Surprise flickered across her face. “I don’t know what you’re talking about.”

He ignored her denial. A contract had to be the reason she was here, armed to the teeth. “Maybe he’d pay you to tell him who hired you.” And Jared could entice her to share with him what she knew about Stone. Maybe it would lead to his missing sister.

Her soft lips pressed into a defiant line. “He can’t afford me. Some things are worth more than money.”

He nearly laughed but choked it back as he caught the seriousness in her tone. All evidence implied she was a gun for hire, yet she appeared to have her own code of ethics. His mystery woman became more intriguing by the minute. “Either way, I’ll be taking you with me to see Stone. You two can sort this out.”

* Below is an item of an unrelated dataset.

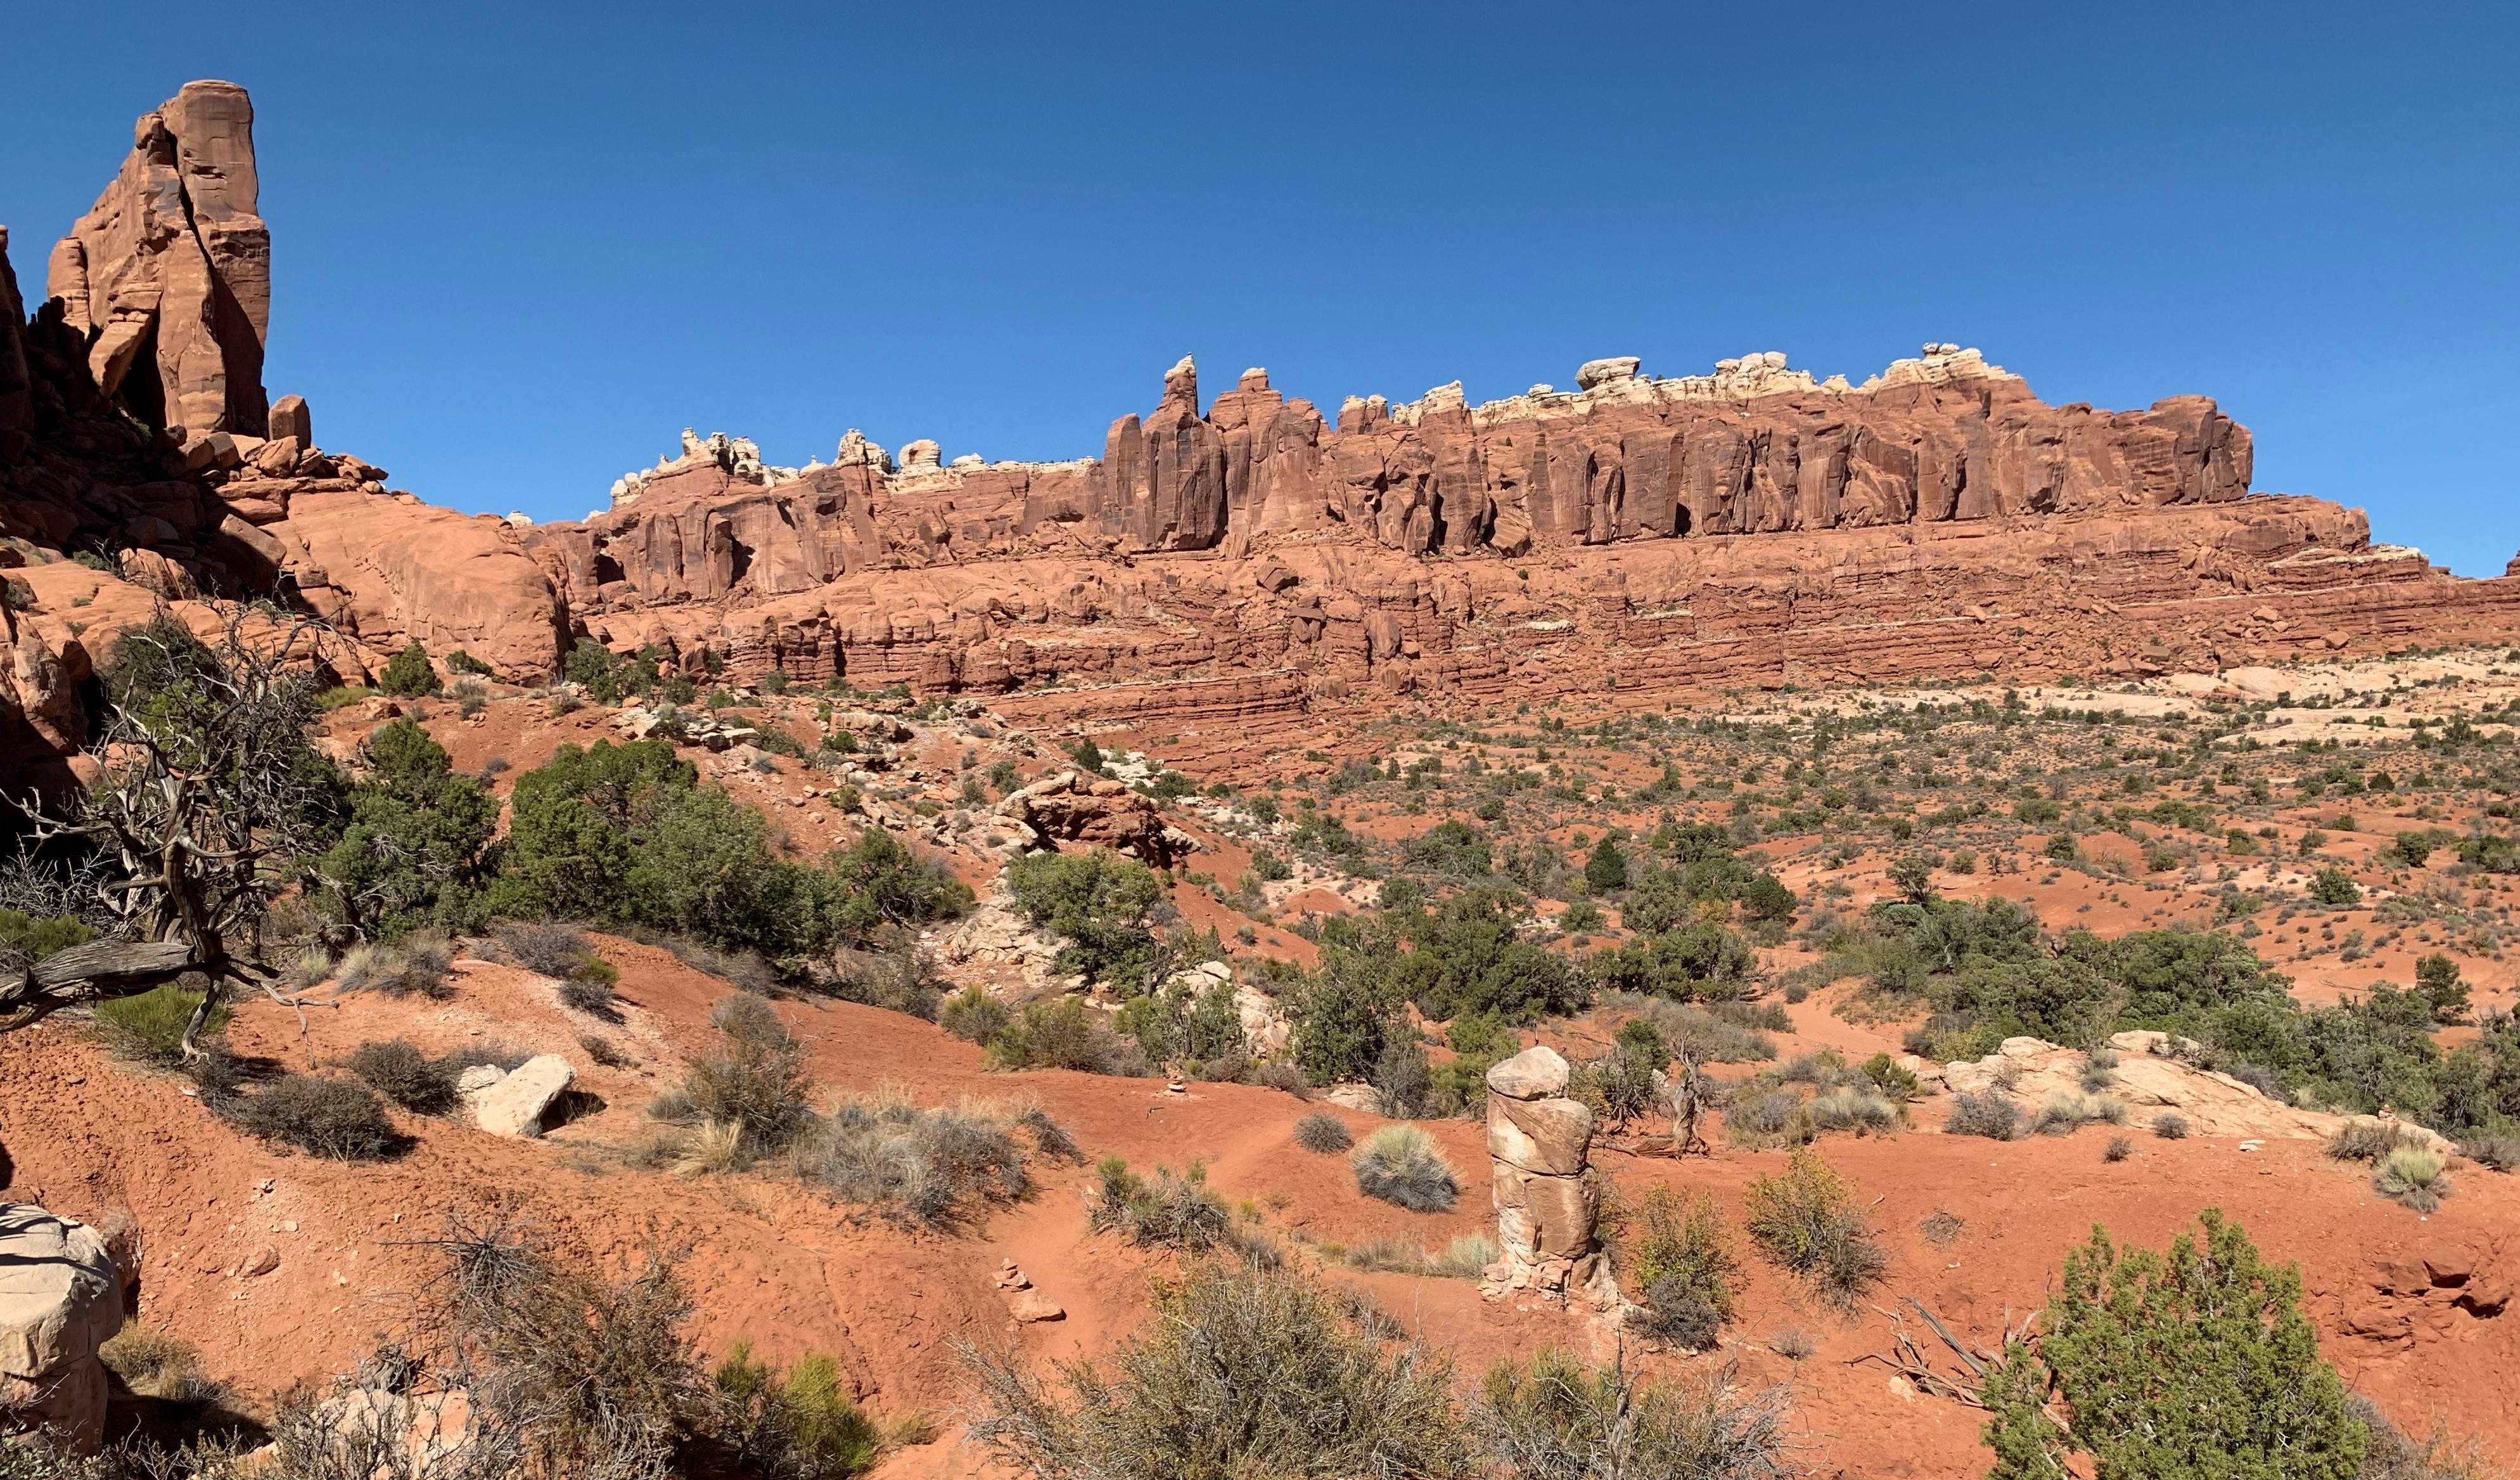 Arches NP

He was twisting her arm behind her back to force her to march in front of him toward the stairs, when a gunshot sounded, and shards of broken brick flew from the edge of the rooftop, only a few inches from his other hand. Reflexively, he dropped into a crouch, but in the same moment she twisted, breaking his hold and flattening her body against the deck.

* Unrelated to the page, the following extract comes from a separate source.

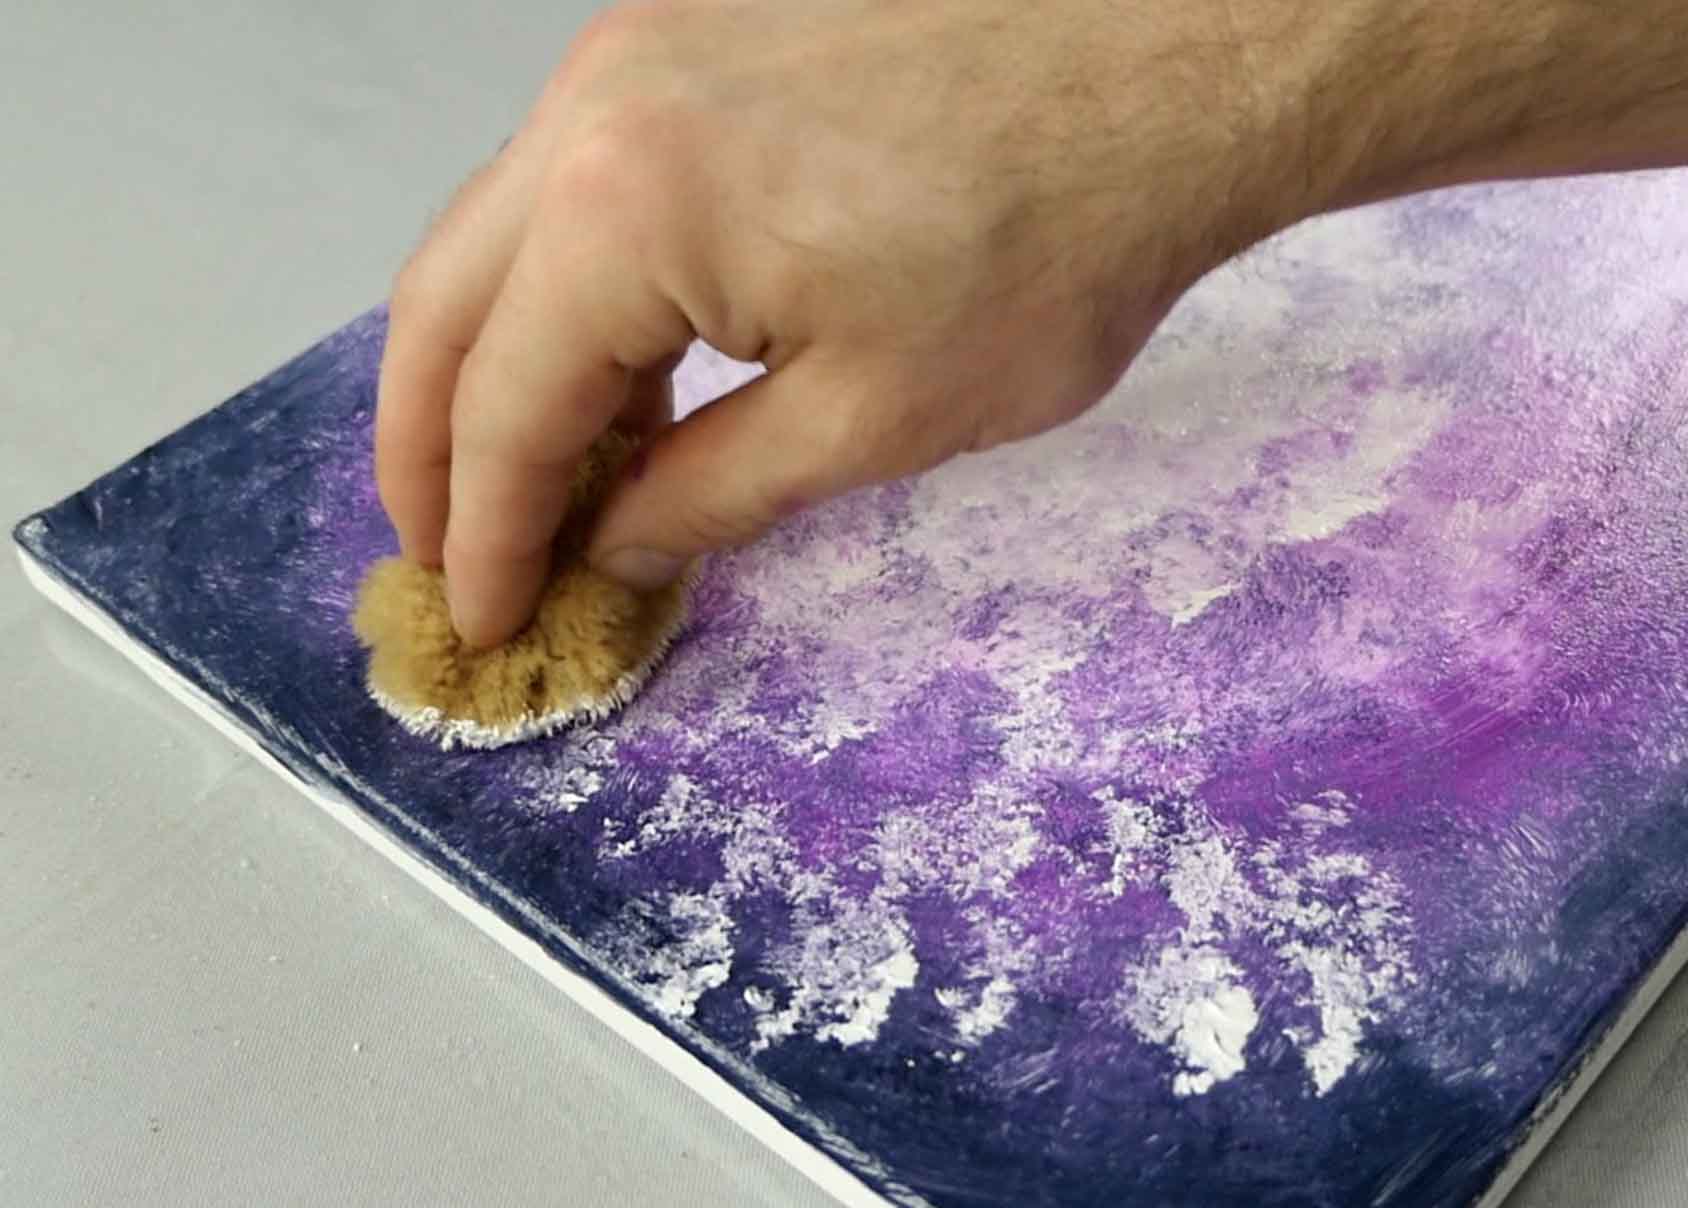 PAINTING WITH A SPONGE

The knife he’d knocked from her hand glinted in the moonlight, out of her reach. He planted a boot on her duffel bag, which lay at his feet, figuring this would keep her from attacking him from behind as he dealt with the more pressing threat—the unseen gunman.

Turning his gaze to the external problem somewhere out there in the dark trees, he remained behind the low ledge that rimmed the sun deck and reached for the mic at his collar. He switched it on, hoping he wasn’t too far away from Stone’s home to communicate with the rest of the security team. “Shots fired. I’m on the roof of the Montegena property north of Stone’s.” He switched off the communication. “Is the shooter one of yours?” he asked the woman. When he didn’t receive a reply, he swiveled to face her, only to find her gone. Her duffel bag was still in a heap at his feet, deserted in her haste to escape. She’d apparently fled down the spiral staircase, quick and quiet as a… rabbit.

Remaining in a crouch, he skirted the perimeter of the rooftop, glancing out into the darkness but seeing no sign of movement, either from his mystery woman or the shooter. She’d disappeared into the night.

“Shit.” He turned on the mic again. “In addition to an unidentified shooter, be on the lookout for a woman dressed all in black. Five-seven, blue eyes, dark brown hair. Armed and…” Dangerous? She might have been unarmed when she left the rooftop, but she could have another weapon stashed somewhere, and her accomplice sure as hell had one. “Approach with caution. Bring her to me.” He couldn’t wait to get his hands on her.

His grin of anticipation faded as a motor roared to life and the sound of rubber on asphalt squealed from the direction of the road. Shit.

He snatched up her duffel bag, noting that the rifle was still there, as well as a handgun, a couple of knives and a rope. He might be able to trace the registration on the rifle or gun—if they weren’t stolen. Then he remembered the truck. Had Mark Sheldon been her accomplice? Had he come back for her? It was the most likely scenario.

He made the choice to risk another bullet by scurrying across the roof to the stairs, assuming the shooter—very possibly Mark Sheldon—had fled with his mystery woman. As he descended, two voices replied through his earpiece, indicating that his message had gotten through to the other men monitoring Stone’s party. He repeated the truck’s license plate information, make and model as he slung the duffel bag over his shoulder and took off running for the place where the vehicle had been parked.

Maybe he could catch his rabbit yet.